Another issue is coercion. To find an example of a case where concerns about voluntariness and coercion contaminated decision-making capacity evaluations, one need look no further than Local Authority v Z.,11 where an English welfare authority attempted to prevent a woman travelling to Switzerland to seek assisted suicide. In this case, she was found competent, but it was stated that she might have been found incompetent if she could not ‘assimilate the issues, or fully appreciate the consequences’ or if she was ‘unduly influenced by the views of others or by undue concern for the burden that her condition imposed on others’.Reference Trachsel, Hermann and Biller-Andorno10 The first quote does concern decision-making capacity, but the second does not; undue influence concerns coercion, and the burden argument also relates to questions about voluntariness. It would be a mistake if a patient were diagnosed incompetent purely on these grounds. Of course, if coercion is indeed present, assisted suicide should not be provided, but this example illustrates how other ‘excuses’ can creep into what should be a narrow evaluation of decision-making capacity.

In some cases, of course, concerns about coercion are very closely linked to concerns about decision-making capacity, and about stability; for example, someone who technically meets decision-making capacity criteria might nonetheless feel under some pressure because of the financial strain they are placing on the family; if combined with a relatively unstable wish for assisted suicide, doctors might be correct to be concerned about decision-making capacity, all things considered. The interrelatedness of these concepts makes it quite easy for doctors opposed to assisted suicide to make excuses for not granting requests, and care must be taken to keep these concepts separate whenever possible.

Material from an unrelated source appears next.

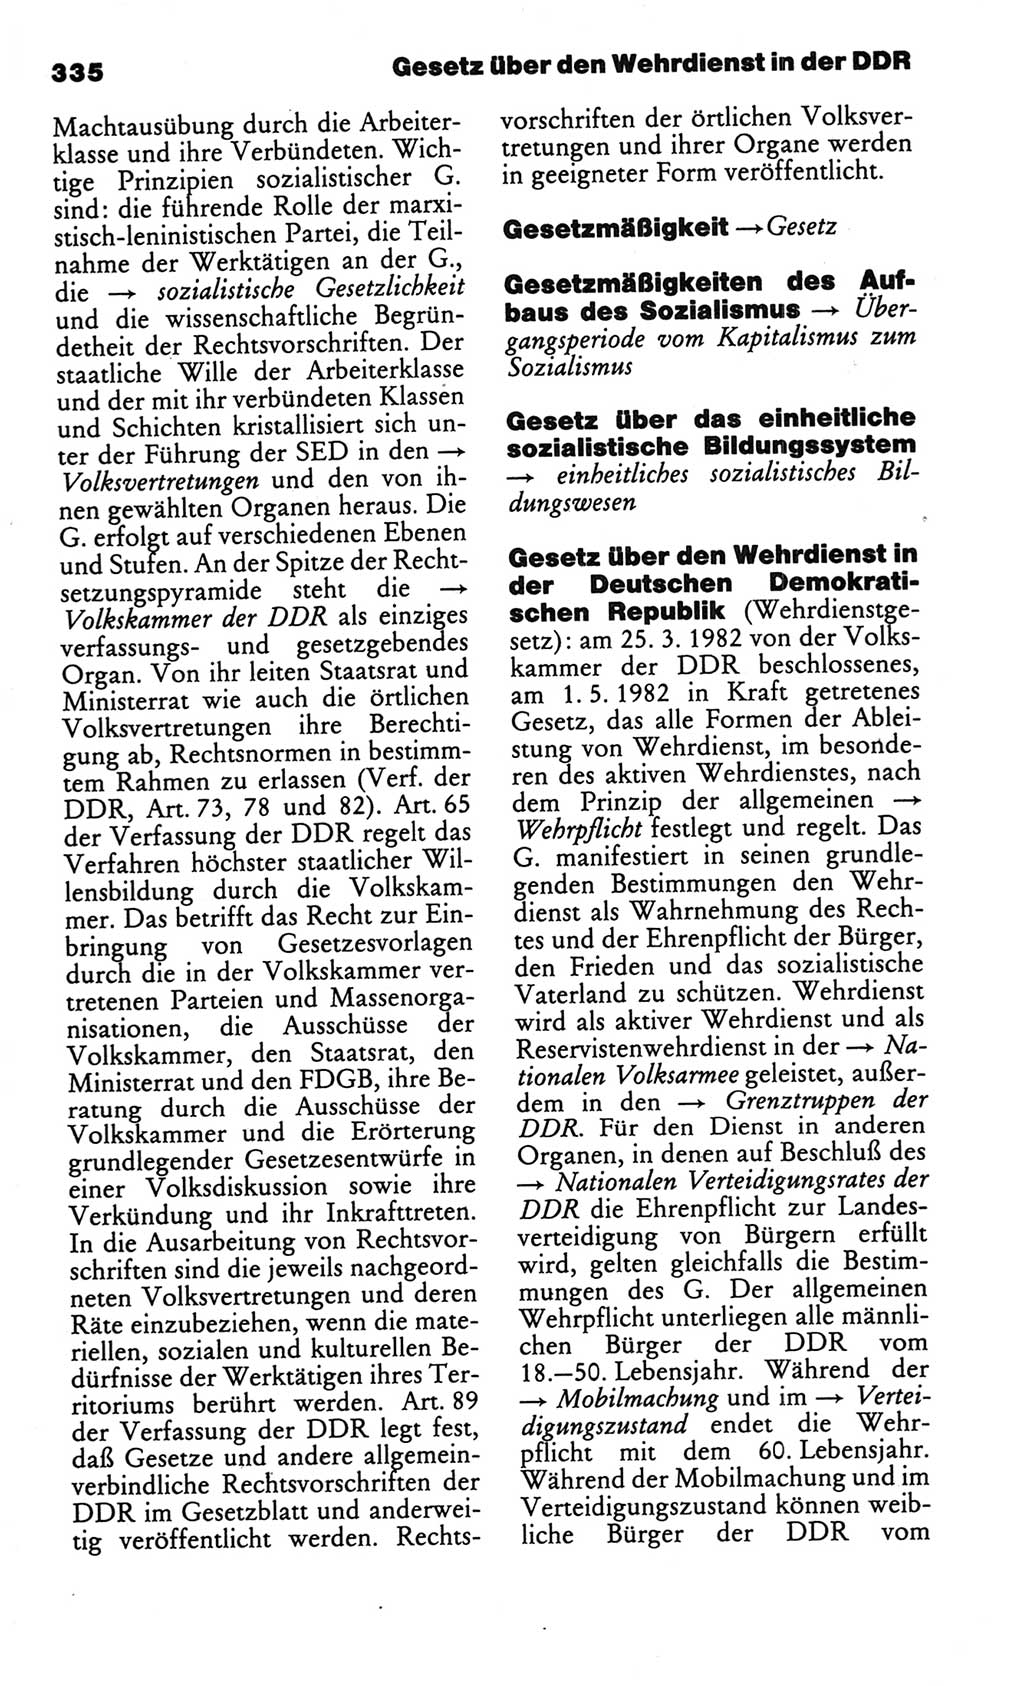 Kleines politisches Wörterbuch [Deutsche Demokratische Republik (DDR)] 1986, Seite 335 (Kl. pol. Wb. DDR 1986, S. 335)

Any doctor who attempts to prevent a patient who is mentally competent from accessing assisted suicide is adopting an over-paternalistic stance that is contrary to the more general emphasis on autonomy in biomedical ethics. One might never choose assisted suicide for oneself or might think that the practice itself is deeply unethical, but to impose those values on one's patients is deeply unethical and unprofessional.

In terms of specific rules, we recommend that physicians use the approach summarised in Table 1.

Table 1 Recommendations for assessment of decision-making capacity in assisted suicide requests.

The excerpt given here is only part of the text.